» What the task requires:
Your job is to print, exactly, the lines in the data below from the line with "VEGAS - S115 - BLACK" through the line with "10 Spectacular Stocking", both included, and to omit any picture.

» Data in this exercise:
—————

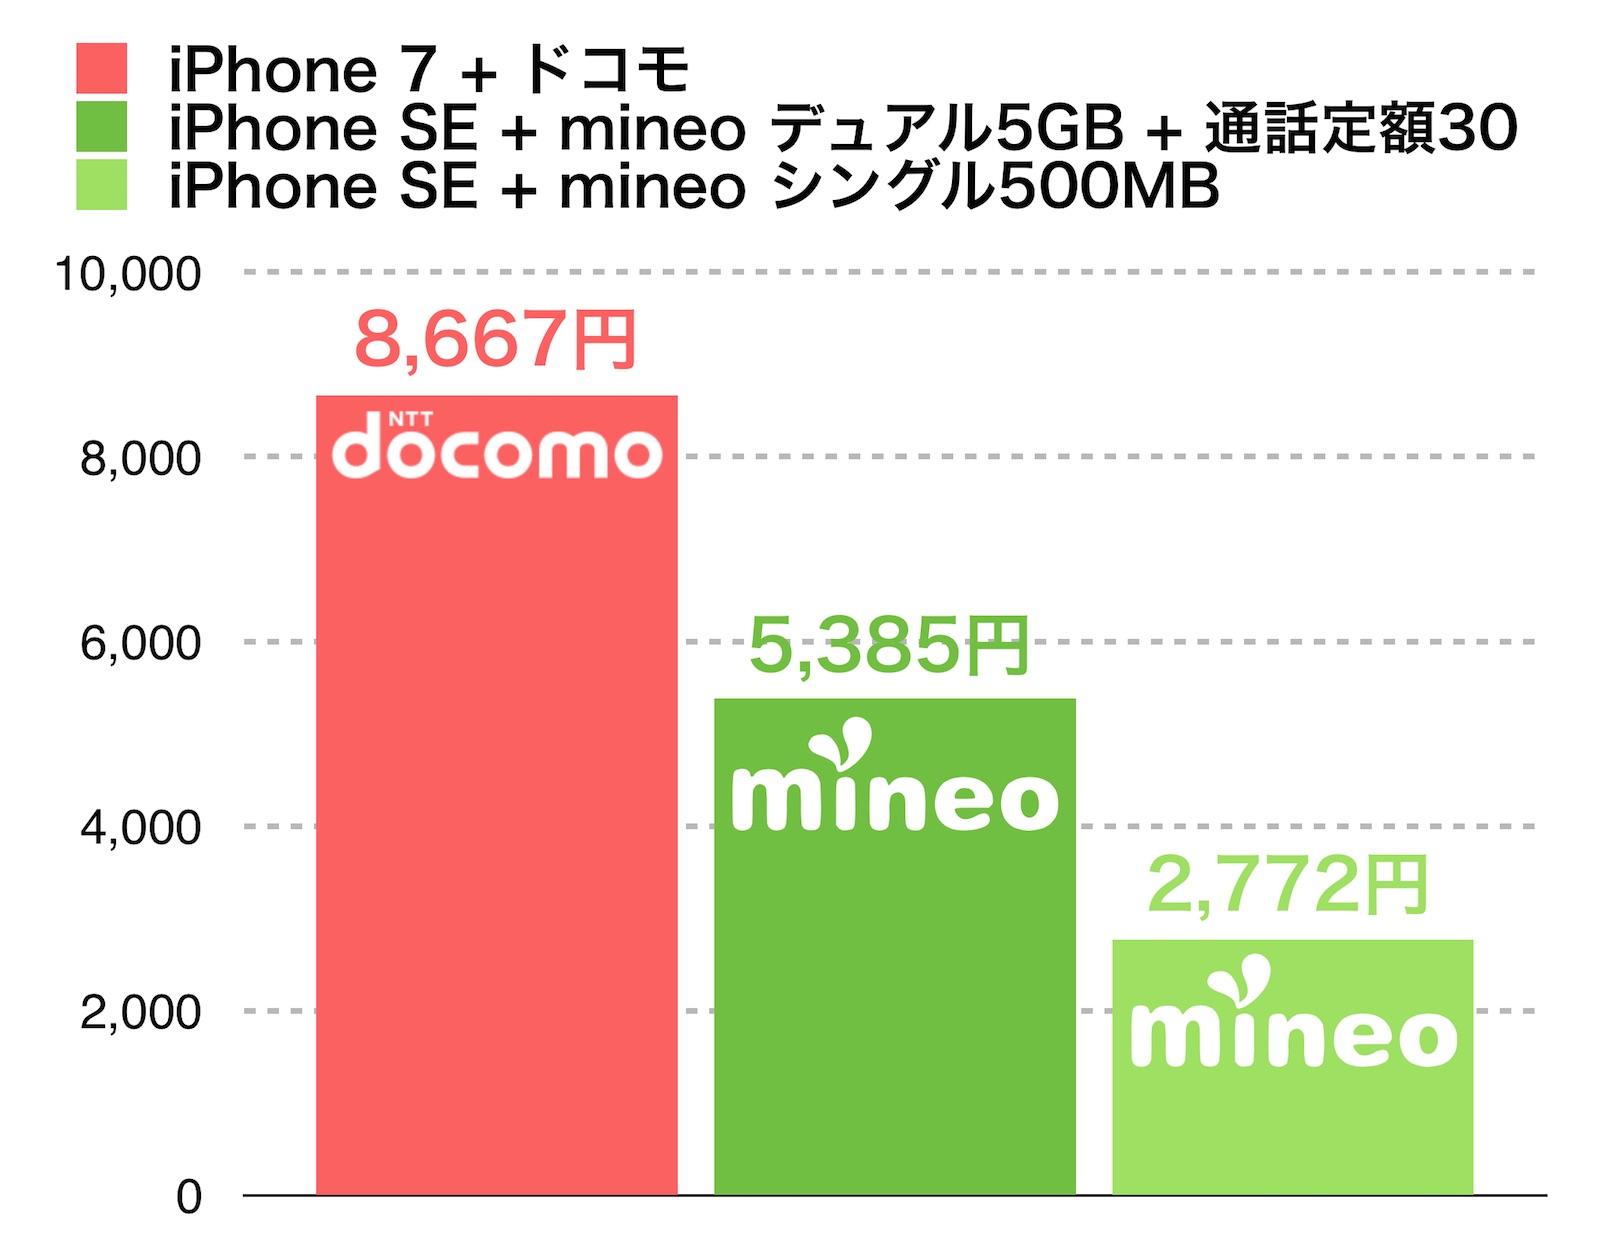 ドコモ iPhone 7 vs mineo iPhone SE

—————

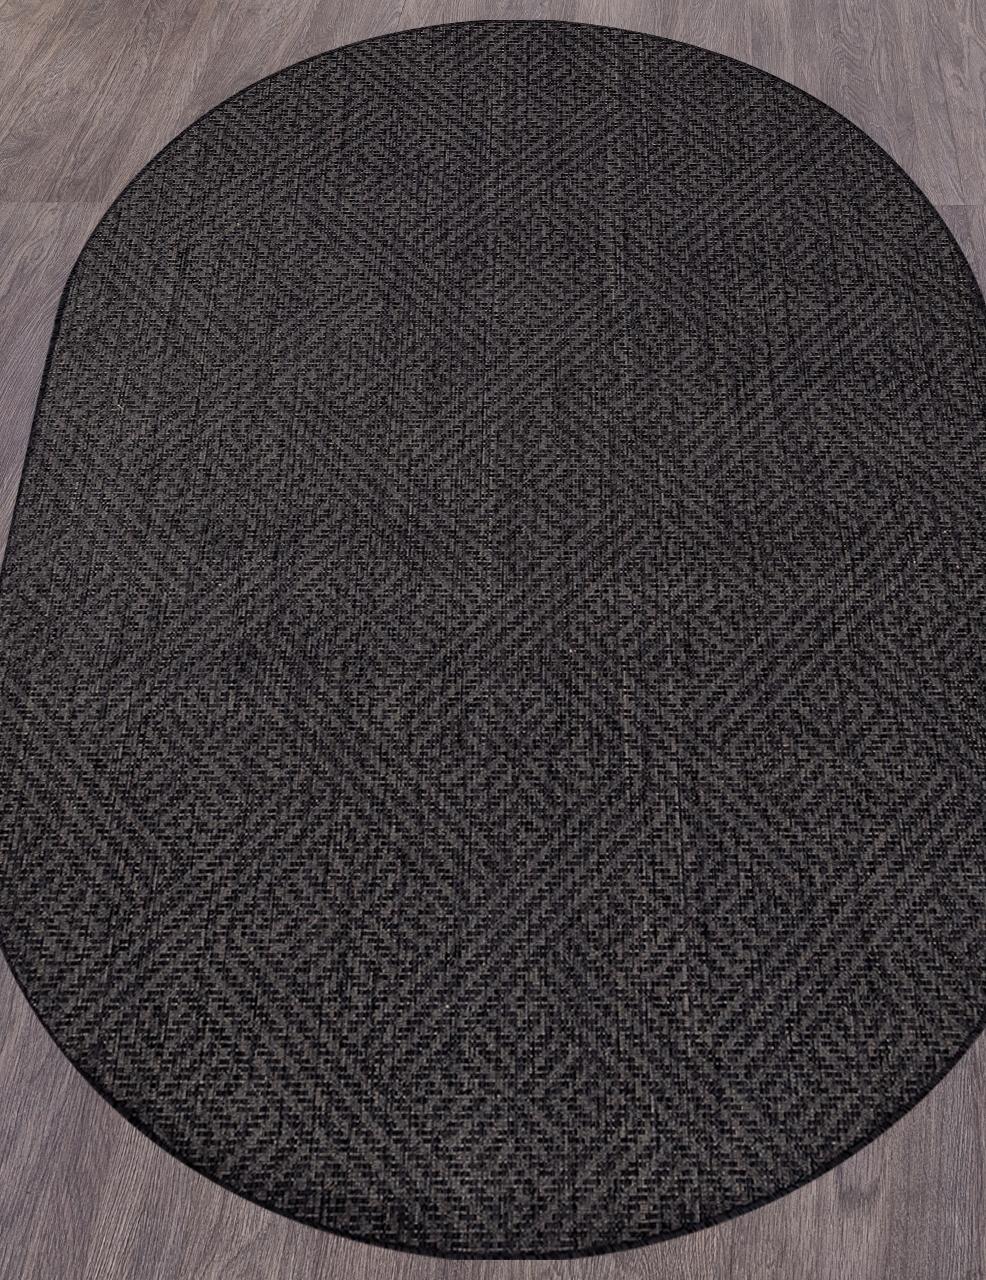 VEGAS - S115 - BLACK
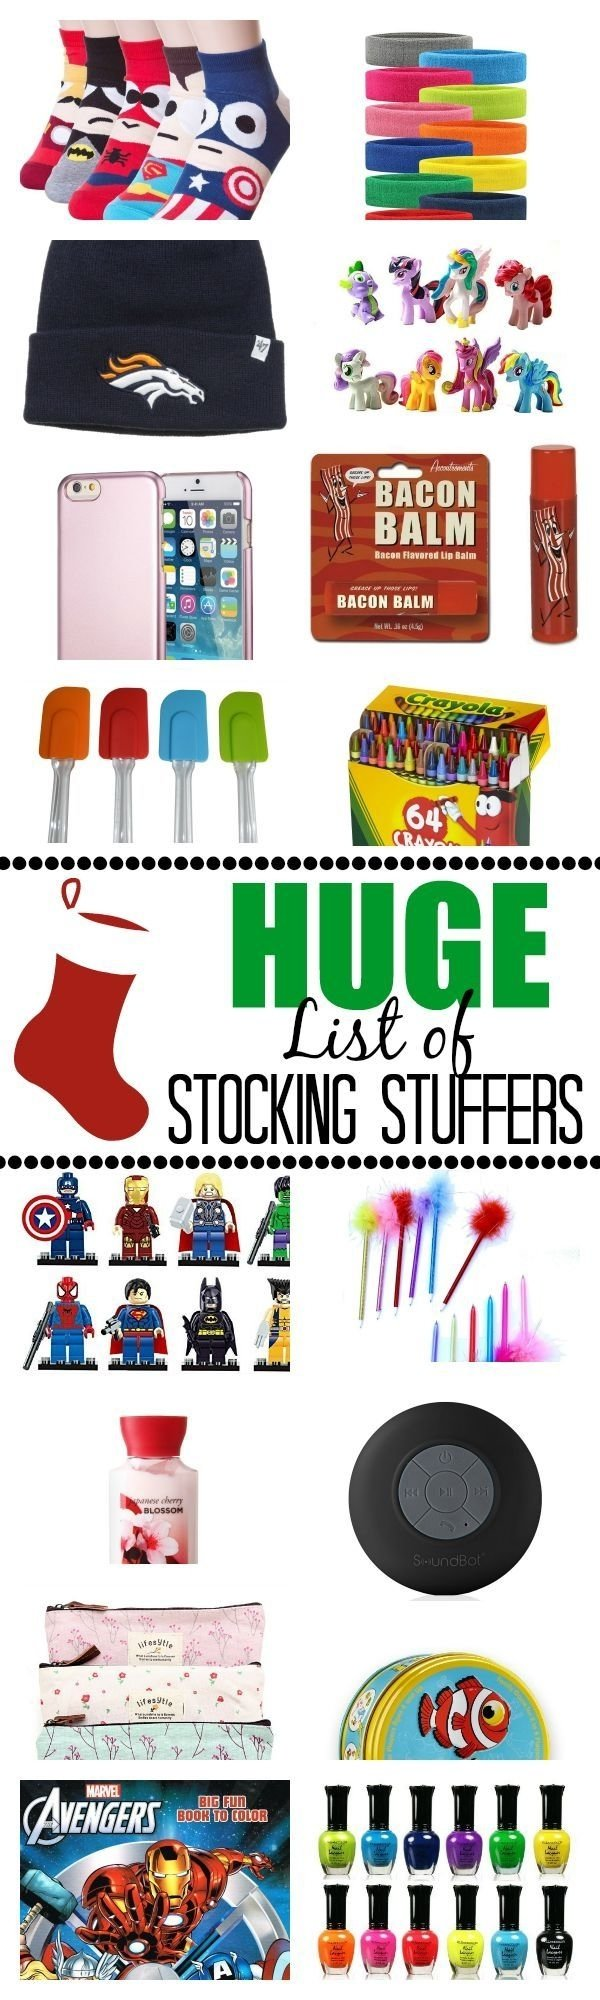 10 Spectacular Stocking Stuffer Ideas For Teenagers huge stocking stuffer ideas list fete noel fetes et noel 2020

—————

» Problem solution:
 VEGAS - S115 - BLACK
 10 Spectacular Stocking Stuffer Ideas For Teenagers huge stocking stuffer ideas list fete noel fetes et noel 2020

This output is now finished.